Recent publicity suggest that he has been refused leave to appeal against his conviction, but that he is seeking leave from a second panel of judges, as is normal procedure in the “sifting” process.
In July 2011, following upon the tide of allegations about Andy Coulson (Prime Minister Cameron’s former Director of Communications and former NotW editor) and the NotW “hacking” phones, the Crown Office announced that they had asked Strathclyde Police to look into various matters, including the evidence of certain of the witnesses at Tommy Sheridan’s criminal trial.
It is understood that these witnesses are Mr Coulson, Bob Bird, former Scottish Editor of the NotW and Douglas Wight, one of the NotW reporters involved in the reporting of the story. I have commented at length as linked above re each witness’ evidence. My source material is the excellent Sheridan Trial Blog prepared by the indefatigable James Doleman.
As matters stand, no-one has been charged in connection with this matter and all parties mentioned above maintain their innocence.
Mr Sheridan’s cases are exactly the rare proceedings where perjury proceedings are likely.
The jury at the High Court found that Mr Sheridan had lied about certain specific matters in his earlier evidence. It was not simply that he answered “no” when he should have said “yes” but instead that an alternate reality was created by him and put before the court, successfully as it turned out. I suspect that if he had lost his original claim for damages, no prosecution for perjury would have taken place.

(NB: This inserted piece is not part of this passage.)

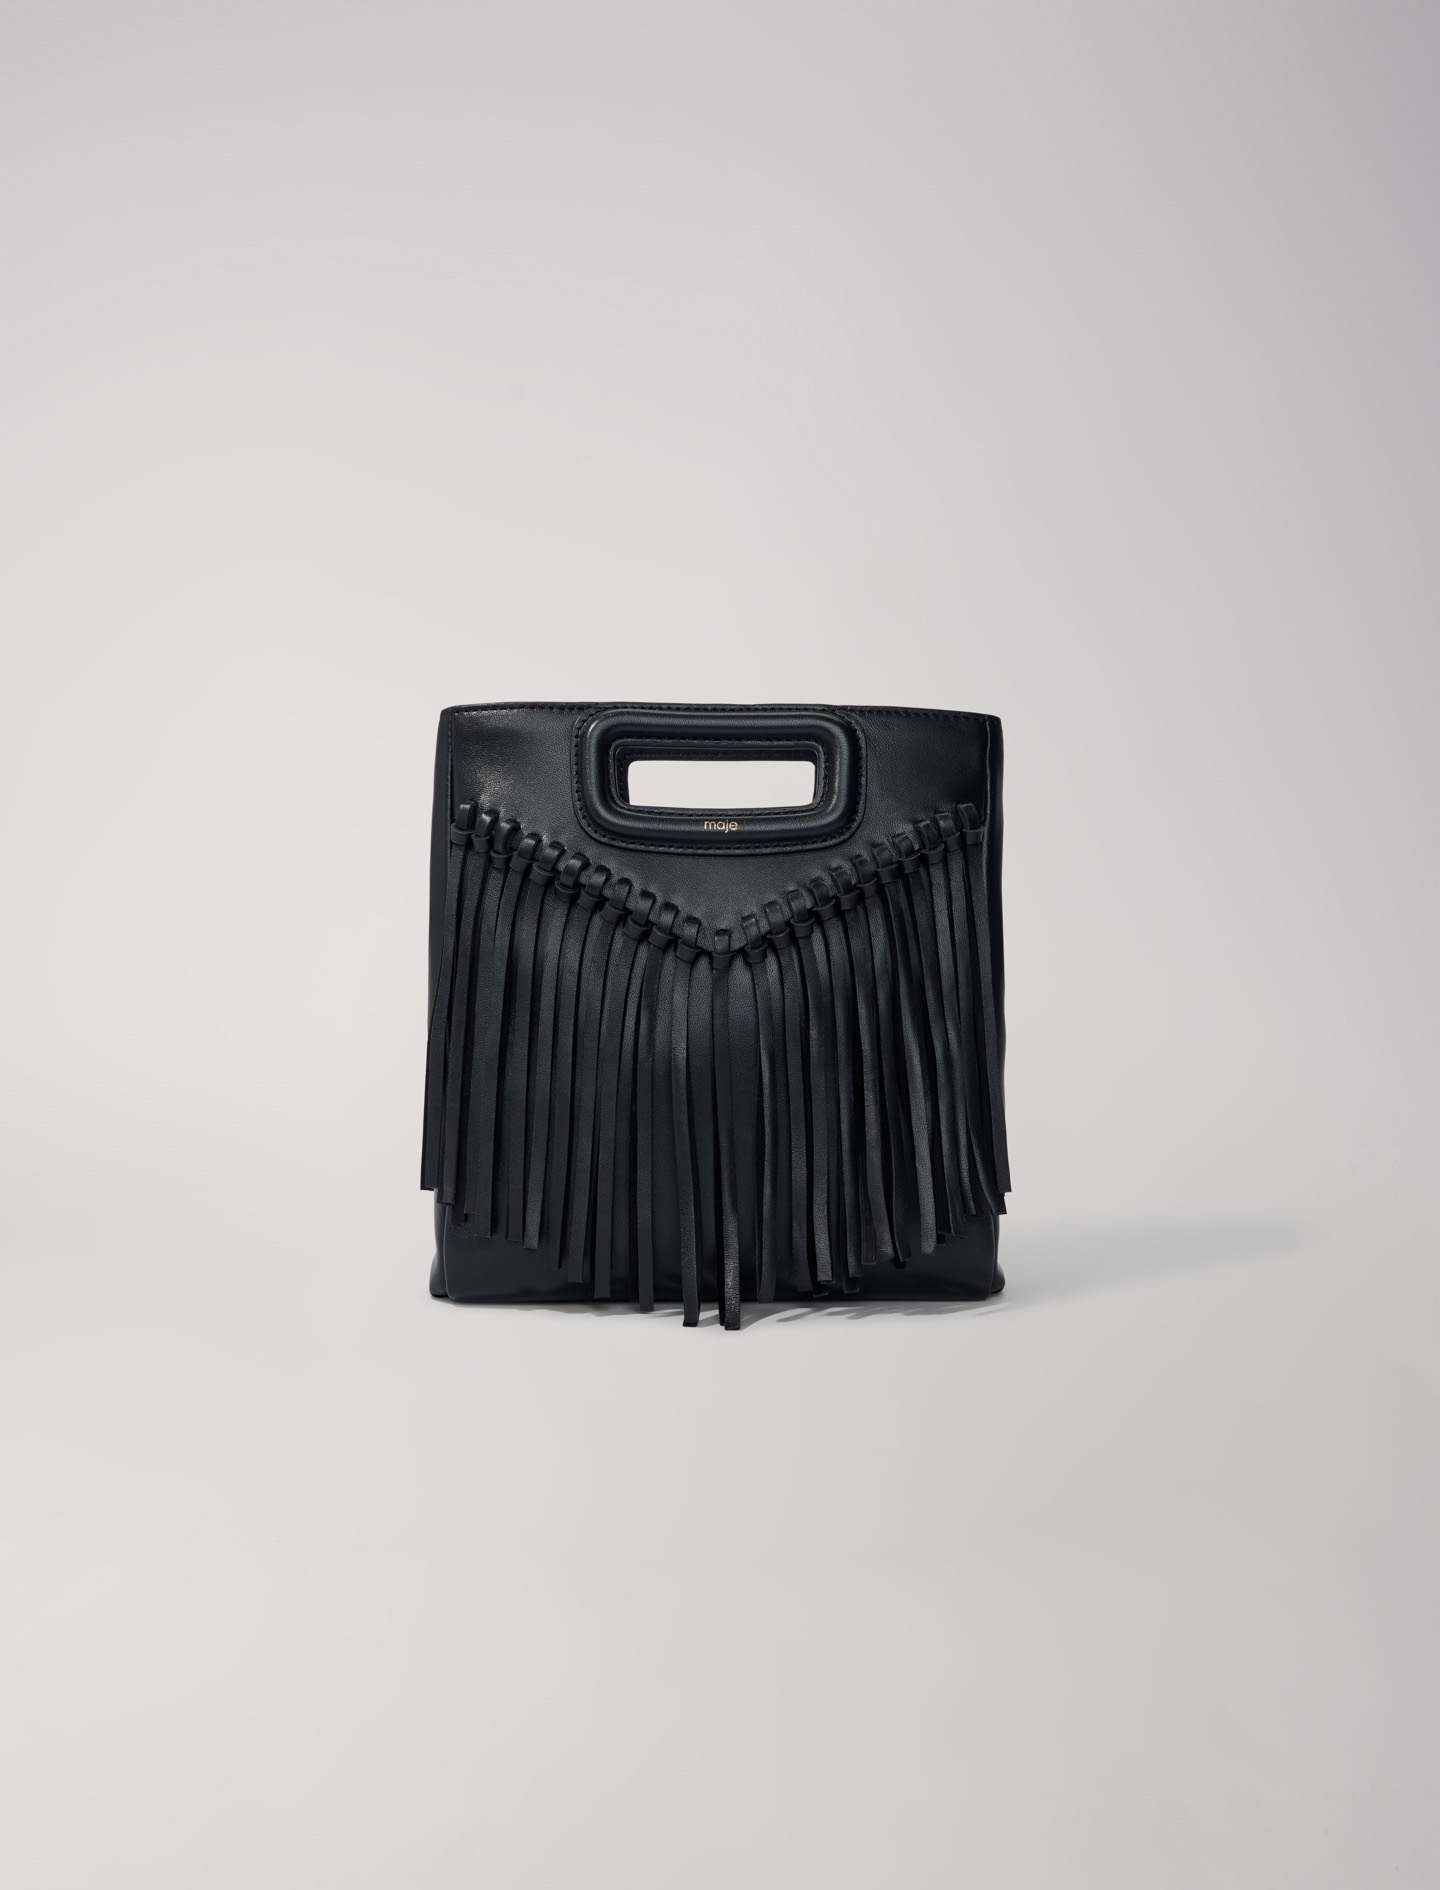 Maje Woman's polyester Fringed leather M bag for Spring/Summer, in color Black / Black

As a comparison, Jeffrey Archer, former Deputy Chairman of the Conservative Party, and best-selling writer, succeeded in his libel claim against the Daily Star in 1987, but when it was suggested that he had asked one of his friends to go along with an “alibi” Archer was creating, he found himself in the dock at the Old Bailey in 2001, and after being convicted of perjury and attempting to pervert the course of justice, he was gaoled for four years.
It is now being suggested that, in light of the scandals surrounding the NotW, phone hacking, payments to police officers and “missing” emails, there might be further perjury charges in connection with the criminal trial of Tommy Sheridan.
Before looking at the issues such a case might raise, I think it is helpful to look across the Atlantic, to the recent perjury trials of two of the most famous baseball players of all time, Barry Bonds and Roger Clemens. Both of them have been tried on charges of perjury and associated offences with differing results.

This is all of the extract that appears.